Comment 12 wanderer 2009-09-21 06:24:42 UTC
I have two machines I can use for this purpose, at least - otherwise I probably wouldn't have been able to get the GDB logs.

I'm hesitant to invoke Xorg directly like that, since doing so omits all of the setup steps which startx carries out, and - now that I've just spent a while reading startx - Debian's version of that script does seem to do important things which there wouldn't be much point in doing by hand.

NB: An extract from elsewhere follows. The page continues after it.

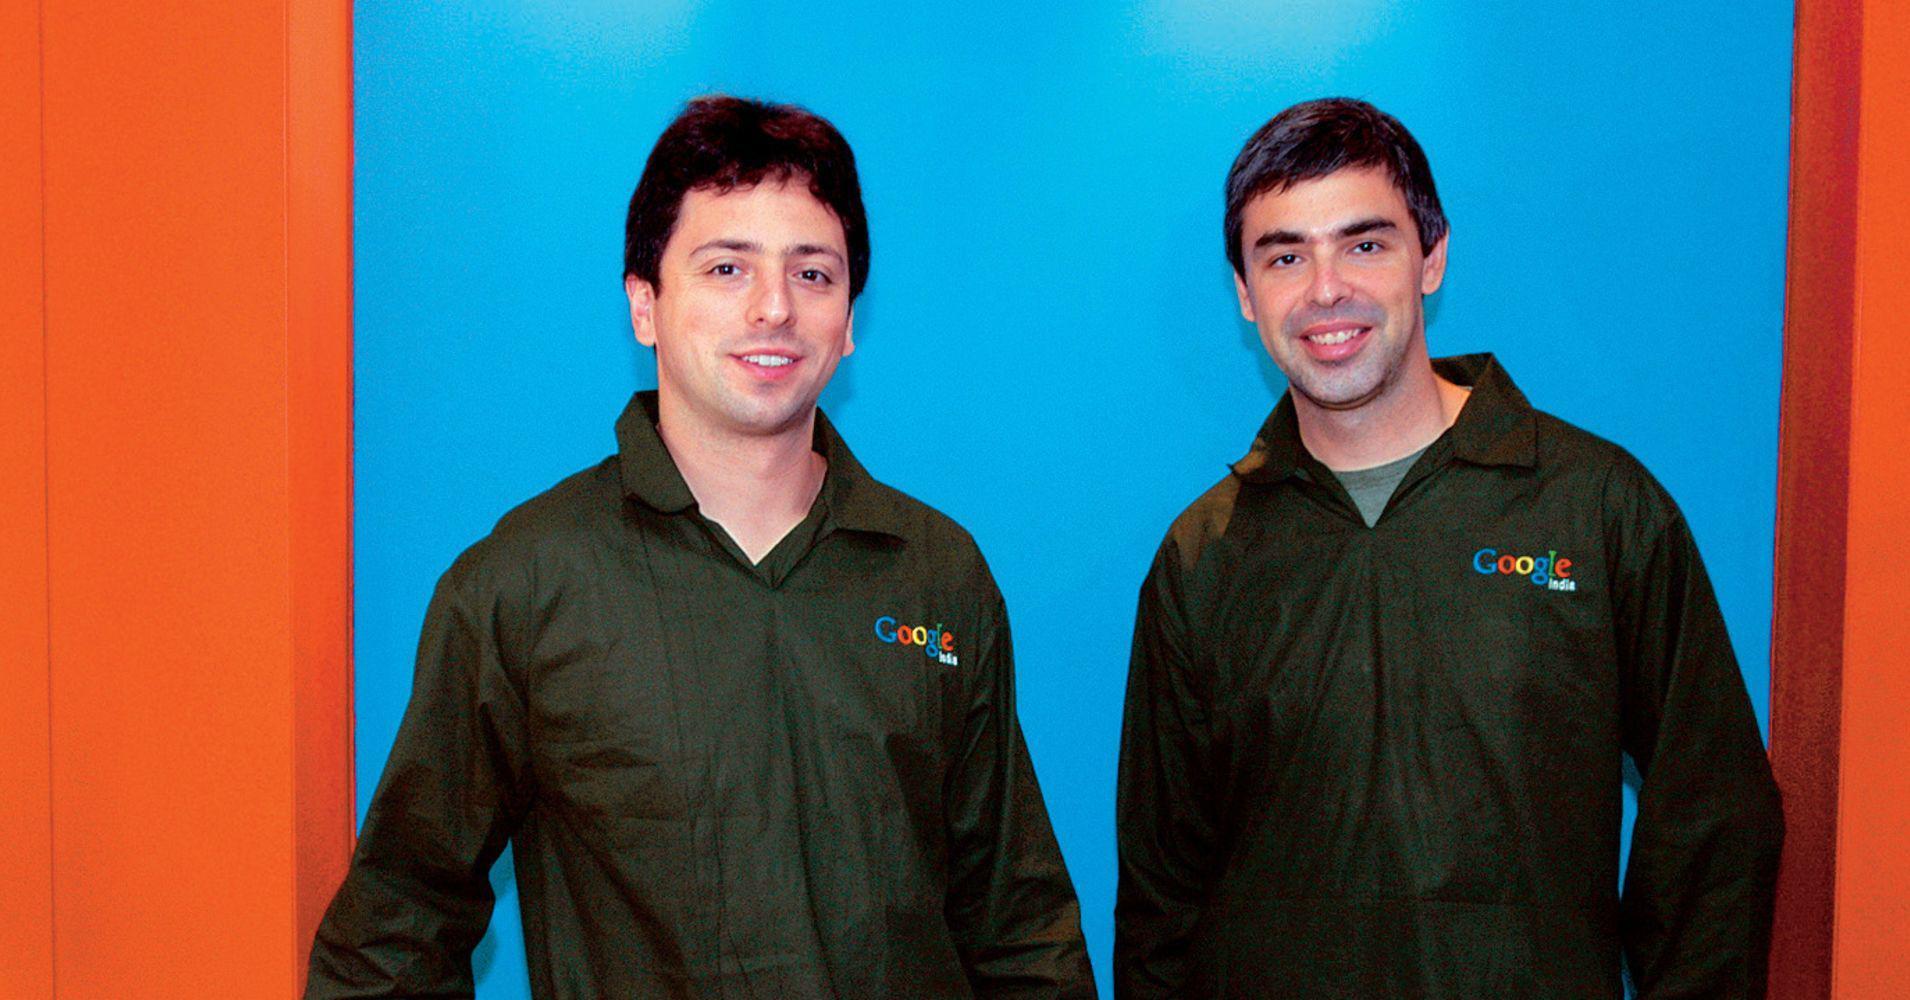 谷歌早期趣闻:佩奇和布林初见时互相看不顺眼

Not to mention, /usr/bin/Xorg doesn't have suid/sgid; it's /usr/bin/X and /usr/bin/X11/X which have that, and those are identical 7K binaries which look like wrappers to me, but one of them is what is actually being invoked by startx via the xserverrc - and I'm hesitant to either cut it out of the loop (by invoking /usr/bin/Xorg directly) when I don't know what it does or remove suid/sgid from it (which, yes, I did already know how to do) when I don't know why it needs them. Could you perhaps shed light on either point?

(Also, I consider sudo a bad idea, and so don't have it installed. If it would allow running a command so that it gets root permissions but in all other respects has my normal user's environment, instead of running the command entirely as root the way 'su -c' does, then this might be a legitimate use case for it - but AFAICT from reading the man page it doesn't seem to do that.)